An influencer reprimands others for neglecting the Amazon fires in a post in which she promotes several fashion brands.



An influencer reprimands others for neglecting the Amazon fires in a post in which she promotes several fashion brands.

Glasgow-based fashion blogger Sheri Scott was widely criticized after posting a photo of herself donning a number of tagged designer brands along with a caption accusing the media of neglecting the fires, Scottish news outlets reported. This kind of sanctimonious scolding — shaming others for their apparent ignorance, silence or inaction surrounding a crisis — has become a sort of trend on social media and a way to effectively pat oneself on the back while getting likes for speaking out.

“The Amazon Rainforest has been burning for 3 weeks straight and we’re only finding out about it now. Even #SaveSpidermanFromSony has been reported more by the media than #PrayforAmazonia and it’s absolutely shameful,” read Scott’s post, which included the hashtags #OutfitIdeas and #OrangeHair. “The world is pretty f**ked up right now and we all need to do what we can to make it right.” (Scott later edited her caption, apologizing for the “tone deaf” hashtags, then removed the post altogether.)
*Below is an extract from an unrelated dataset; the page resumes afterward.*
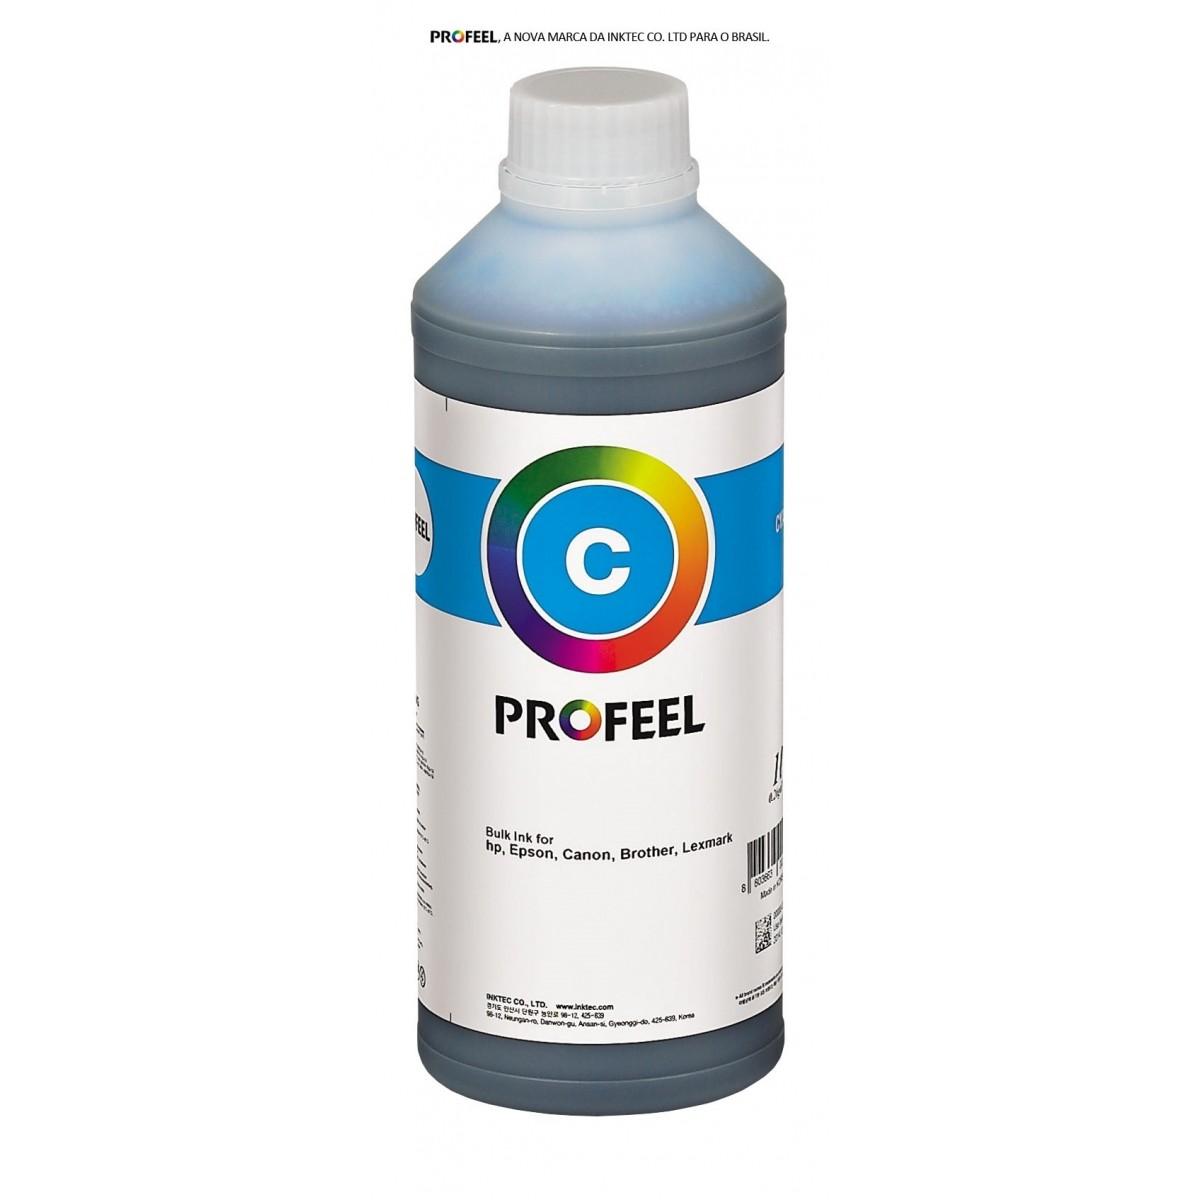 Tinta pigmentada InkTec Profeel modelo H5971-01LC | Frasco de 1 litro | Cor : Ciano

Searching the hashtag #PrayForAmazonia on Instagram yields a collection of informative rainforest-related posts interspersed with pouty selfies, woodland photoshoots and a jarring number of wildfire-inspired makeup looks (with the cosmetic products prominently tagged). Adding a popular hashtag to a post — even if it’s unrelated to the content itself — can increase the post’s likelihood of being featured in Instagram’s public “Explore Tab,” which means increased exposure and ultimately, more likes. Influencers know this well.

Instagram users use the hashtag #PrayForAmazonia to promote themselves and various brands.



Instagram users use the hashtag #PrayForAmazonia to promote themselves and various brands.

We’ve seen these kinds of things before.

After the release of HBO’s drama miniseries “Chernobyl” in May, Instagram models showed up in Pripyat to take broody portraits at the site of the city’s catastrophic nuclear disaster. In June, Instagram accounts racked up massive followings by making empty promises to deliver meals to starving children in crisis-torn Sudan. And in July, when a 17-year-old girl’s gruesome murder went viral on social media, grifters swiftly flooded her Instagram profile with comments feigning sympathy while promising to share the (nonexistent) video of her killing in exchange for follows and likes.

An Instagram scammer tries to capitalize on the murder of a teenage girl.



An Instagram scammer tries to capitalize on the murder of a teenage girl.

On Instagram, no tragedy is too dire to exploit. And if it’s possible to spin a crisis into dollars or followers on the platform, scammers will find a way to do it.

This story has been updated with comment from GoFundMe.